Advances in the Clinical Management of Diabetic Macular Edema and Age-Related Macular Degeneration - Episode 15

What’s on the Horizon for DME and AMD

August 12, 2022
Carl D. Regillo, MD, FACS

,
Blake Anthony Cooper, MD, MPH

,
Michael A. Klufas, MD

,
David R. Lally, MD

Carl D. Regillo, MD, FACS, leads a discussion with retina specialists about the future of care for AMD and DME, including tyrosine kinase inhibition and gene therapy.

Carl D. Regillo, MD, FACS: Mike, we’re living in an exciting time in our space treating these common retinal disorders, neovascular age-related macular degeneration [AMD], and diabetic macular edema [DME], some exciting new therapeutics and approaches to treatment but the pipeline looks pretty rich. There are other things coming. Tell me about it.

Michael A. Klufas, MD: The future is bright, no pun intended, and it can’t be lost upon us that gene therapy is approved in the eye for RPE65-associated inherited retinal dystrophy. We are using the same technology to create an ocular biofactory to create anti-VEGF in patients with neovascular AMD and diabetic retinopathy and diabetic macular edema. These programs with pars plana vitrectomy and subretinal approach are probably coming to us in the next couple of years if they pan out. The holy grail for gene therapy is determining if we can administer this in-office via suprachoroidal or perhaps an intravitreal approach. That remains to be seen. If aflibercept is something we are comfortable with, there is a high-dose aflibercept trial which may give greater durability based on the preclinical data, and we are all eagerly awaiting those results. Tyrosine kinase inhibition is another pathway that is not a biologic that we can administer at very high levels in the eye without causing systemic adverse effects. I don’t think it is being touted as a replacement for anti-VEGF, but perhaps a maintenance therapy with a vehicle that will allow continuous release in the eye. We also have some other exciting things such as OPT-302, which inhibits not only VEGF-A but VEGF-C and -D. That could be a nice compliment to something like faricimab, which inhibits angiopoietin-2, and we will see if other types of VEGF isoform inhibition may allow us to have better outcomes in some of our patients as well.

Carl D. Regillo, MD, FACS: A lot of what’s in the future is directly or indirectly targeting VEGF-A, maybe other mechanisms of action—VEGF-C and D; perhaps that’s going to get us better efficacy. The other approach is TKIs [tyrosine kinase inhibitors]; maybe durability. Gene therapy—the ultimate durability; we say 1 and done, but in reality it’s not going to be a cure. It’s not going to control disease in everyone across the board. Even phase 1 or at least testing is indicating it can do that to some degree in some people, but not everyone. There is a lot that’s unknown there, and I am sure we are going to be closely following the safety profile of the gene therapy programs, but it’s exciting and it’s not far off, as you indicated.

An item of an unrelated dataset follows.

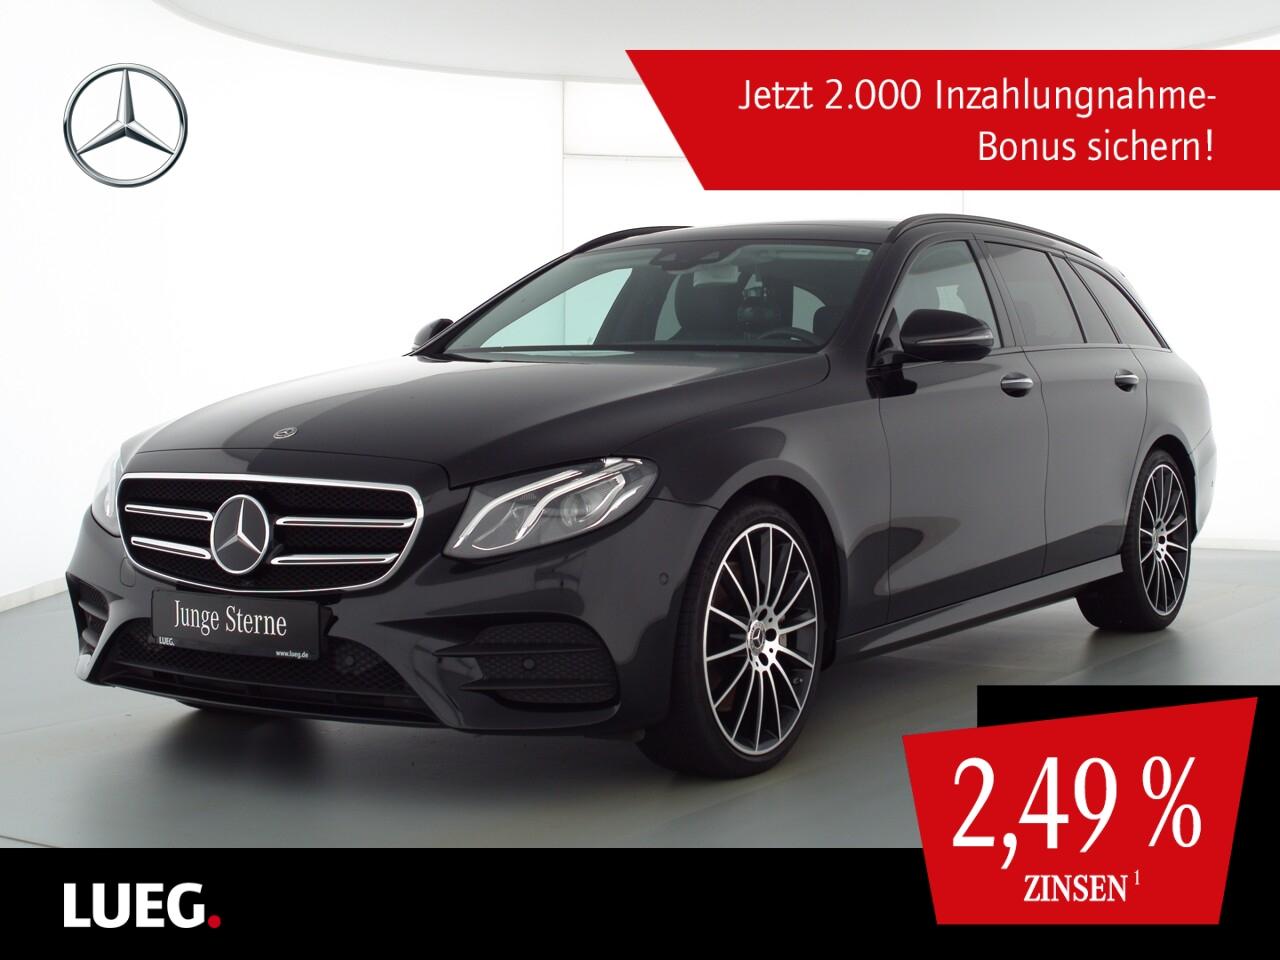 Mercedes-Benz E 400 T 4M AMG+COM+Pano+Burm+LED+AHK+20''+HUD+RF, Jahr 2018, Benzin

Blake, given the recent approvals for DME and neovascular AMD with some exciting new therapeutics or therapeutic approaches, what unmet needs remain both in the research and clinical treatment of these patient populations?

Blake Anthony Cooper, MD, MPH: Carl, it’s an exciting time to be practicing retina. We have a lot of treatment options for our patients, but probably the biggest unmet need right now is going to be the recruitment and diversity and generalizability of our upcoming trials. I feel that as we have better treatment options, it’s going to be harder to enroll patients, and we want to make sure that we are enrolling patients that are within our community. Creating networks within underserved communities and a more diverse pool of not only investigators and staff will hopefully help us be able to have trials that are more representative of the general population. I also feel that it’s important for us to make sure that we’re establishing long-term relationships within our communities and encouraging patients if they haven’t thought about a clinical trial to consider 1, because it’s going to benefit not only hopefully them but other generations of people who live with diabetes or macular degeneration.

Carl D. Regillo, MD, FACS: It’s an interesting point you brought up about the research in the diversity of the patients recruited into clinical trials. It is known; we have seen some ethnic differences in response to treatments. It’s going to be important. We make sure we could encompass all patients potentially affected by these conditions DME and neovascular AMD. Neovascular AMD in a Caucasian population can be quite different in Asian populations, and so forth. We've seen some differences there. In fact, some of those countries want their own clinical trials because of those differences.